他继续道,“国会山上的孤立主义声浪日益高涨,公众与政客都厌倦了对外承担代价高昂的义务。
为一支远在西伯利亚、败象已露且与美国人核心利益关联甚微的白军,继续耗费宝贵的政治资本与财政拨款?
这在他们看来,已非明智之举。”
他目光扫过在座诸人:“因此,综合判断,对伦敦、巴黎和华盛顿而言,我们已不再是一项值得追加投资的战略资产,而是一笔需要寻找适当方式止损、乃至剥离的失败投资。
他们的战略重心和资源,已无可逆转地转向处理自家门前火势、稳定欧洲新秩序的内部挑战。
我们或许已成为他们外交档案中,一个亟待妥善了结的遗留问题,而非需要全力挽救的盟友。”

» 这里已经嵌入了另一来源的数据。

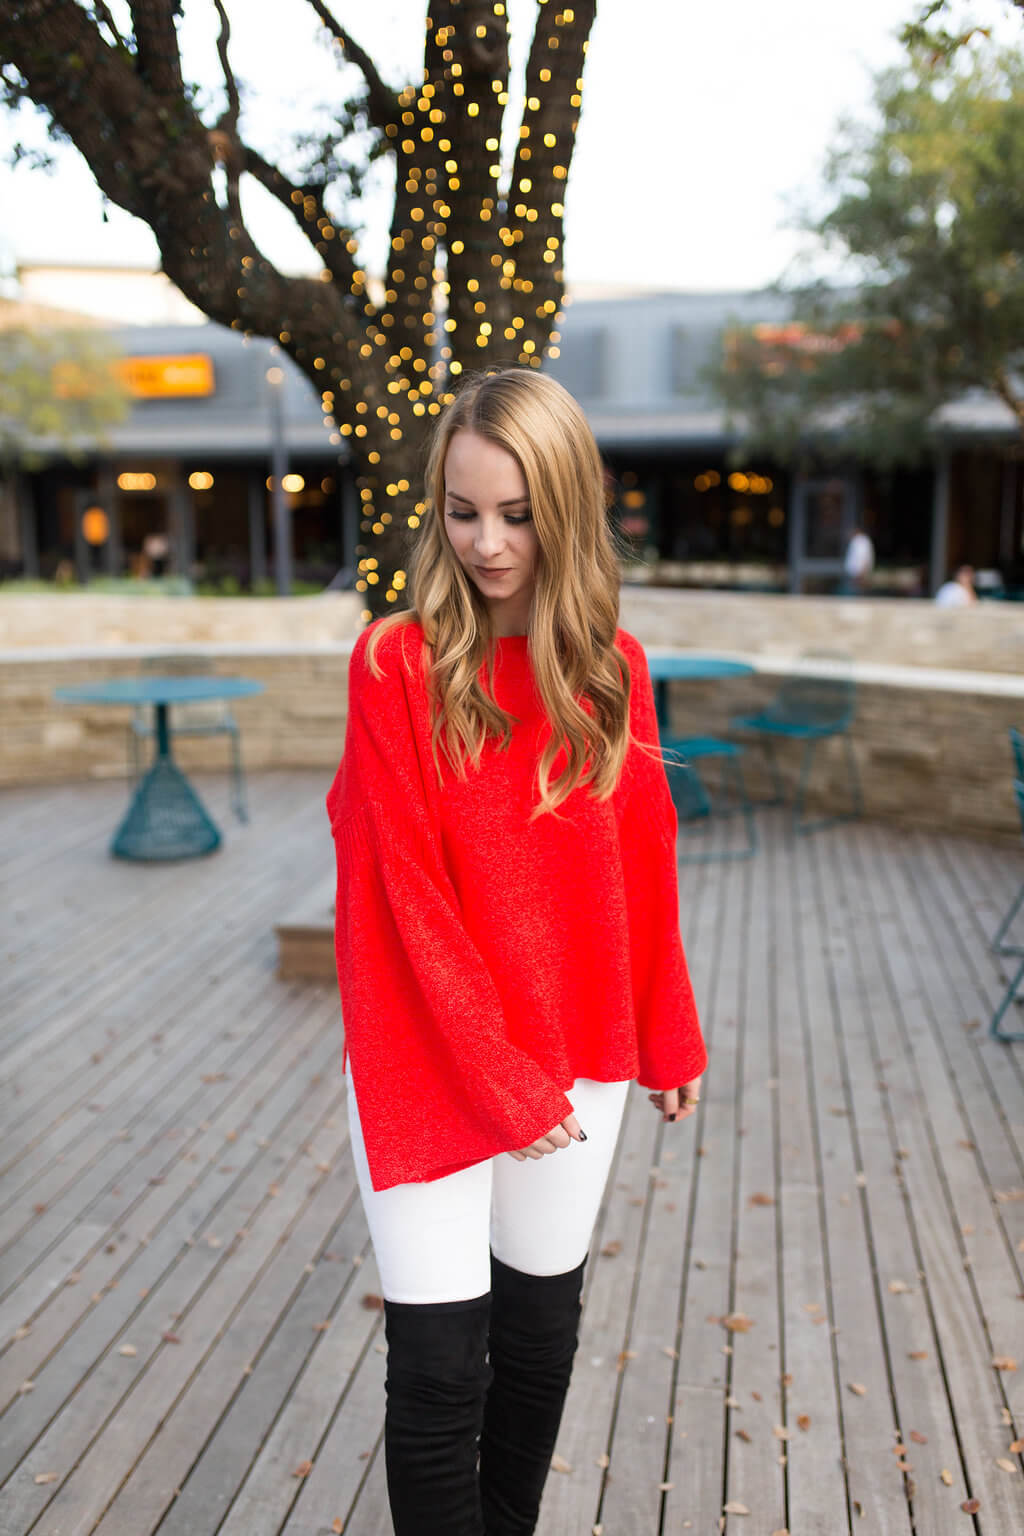 Bell sleeve sweater for every occasion. The perfect holiday sweater for under $100 | The Blonder Life

“我们库存还能支撑多久?”高尔察克问出了一个最关键的问题。
列别捷夫翻看着手中的报表,声音沉重:“粮食,按最低配给,不超过四十天,但分布不均,前线部队已经开始短缺。
冬装,缺口至少四成,许多部队还在穿秋装。
药品,尤其是外伤和抗冻伤药物,极度匮乏。
燃油严重不足,装甲列车和仅存的机动车辆,最多再维持两到三次连级规模的战术机动。
炮弹和机枪子弹库存相对多一些,但如果没有后续补充,持续作战能力不会超过三周。”
三周。
或许更短。
“红军先锋到了哪里?”高尔察克看向地图。
“最新情报,红军第五集团军先头部队已越过克拉斯诺亚尔斯克,正向东疾进。
其东方面军主力也在向我们压迫。
最乐观估计,留给我们做出决定并向东转移的时间,不会超过一个月。
如果天气恶化或红军加快速度,可能更短。”
作战参谋的回答让所有人的心都沉到了谷底。
一个月。
向东,是漫长的、缺乏补给的铁路线,而终点满洲里是一个对他们关闭的大门。
向南,是荒芜的山地和虎视眈眈的日本人,他们未必欢迎大规模白军涌入其控制区。
固守?
没有物资,军心涣散,无异于等死。
“我们必须和山西人认真谈一次。”
高尔察克最终做出了决定,声音疲惫但坚决,“不是通过那些官僚式的照会。
需要一次高层级的、秘密的、直接的接触。
搞清楚他们到底想要什么。
是钱?
是矿产特许权?
还是别的什么。”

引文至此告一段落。